- Promotional poster
- Directed by: William Arntz Betsy Chasse Mark Vicente
- Written by: William Arntz Matthew Hoffman Betsy Chasse Mark Vicente
- Produced by: William Arntz Betsy Chasse Mark Vicente
- Cinematography: David Bridges Mark Vicente
- Edited by: Jonathan Shaw
- Music by: Christopher Franke
- Production companies: Captured Light Lord of the Wind
- Distributed by: Roadside Attractions Samuel Goldwyn Films
- Release dates: April 23, 2004 (Phoenix); June 18, 2004 (LA); September 10, 2004 (New York City);
- Running time: 109 minutes
- Country: United States
- Languages: English Spanish German
- Box office: $21.1 million

= What the Bleep Do We Know!? =

2004 film by William Arntz

What the Bleep Do We Know!? (stylized as What tнē #$*! D̄ө ωΣ (k)πow!? and What the #$*! Do We Know!?) is a 2004 American pseudo-scientific film that posits a spiritual connection between quantum physics and consciousness (as part of a belief system known as quantum mysticism). The plot follows the fictional story of a photographer, using documentary-style interviews and computer-animated graphics, as she encounters emotional and existential obstacles in her life and begins to consider the idea that individual and group consciousness can influence the material world. Her experiences are offered by the creators to illustrate the film's scientifically unsupported ideas.

Bleep was conceived and its production funded by William Arntz, who serves as co-director along with Betsy Chasse and Mark Vicente; all three were students of Ramtha's School of Enlightenment. A moderately low-budget independent film, it was promoted using viral marketing methods and opened in art-house theaters in the western United States, winning several independent film awards before being picked up by a major distributor and eventually grossing over $10 million. The 2004 theatrical release was succeeded by a substantially changed, extended home media version in 2006.

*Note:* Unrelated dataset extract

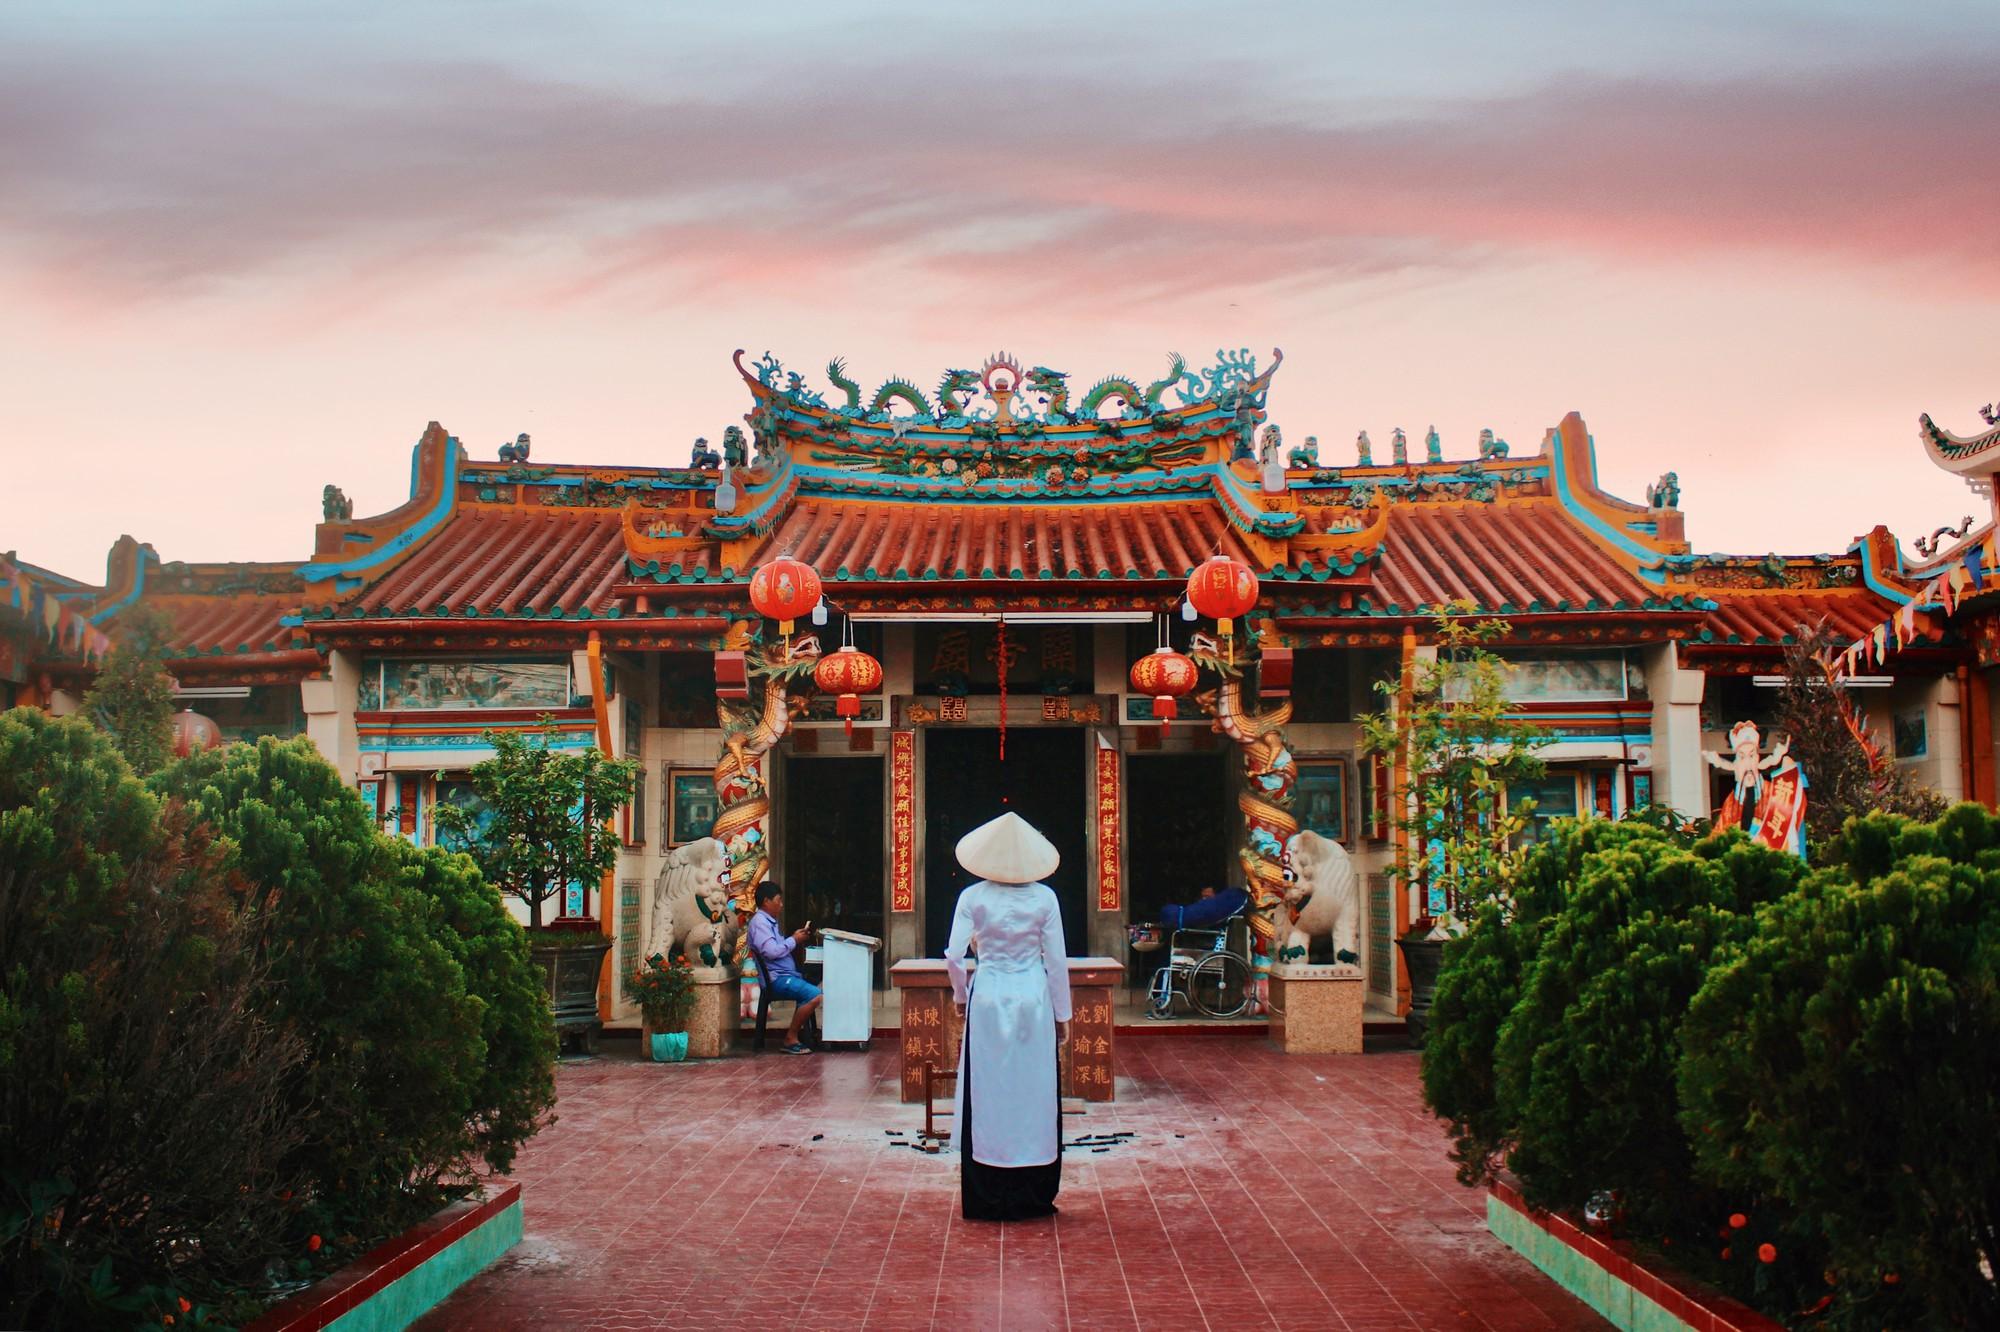 Góc hình siêu đẹp được chụp từ phía cổng hướng vào bên trong chùa.

The film has been described as an example of quantum mysticism, and has been criticized for both misrepresenting science and containing pseudoscience. While many of its interviewees and subjects are professional scientists in the fields of physics, chemistry, and biology, one of them has noted that the film quotes him out of context.

==Synopsis==
Filmed in Portland, Oregon, What the Bleep Do We Know!? presents a viewpoint of the physical universe and human life within it, with connections to neuroscience and quantum physics. Some ideas discussed in the film are:
- That the universe is best seen as constructed from thoughts and ideas rather than from matter.
- That "empty space" is not empty.
- That matter is not solid, and electrons are able to pop in and out of existence without it being known where they disappear to.
- That beliefs about who one is and what is real are a direct cause of oneself and of one's own realities.
- That peptides produced by the brain can cause a bodily reaction to emotion.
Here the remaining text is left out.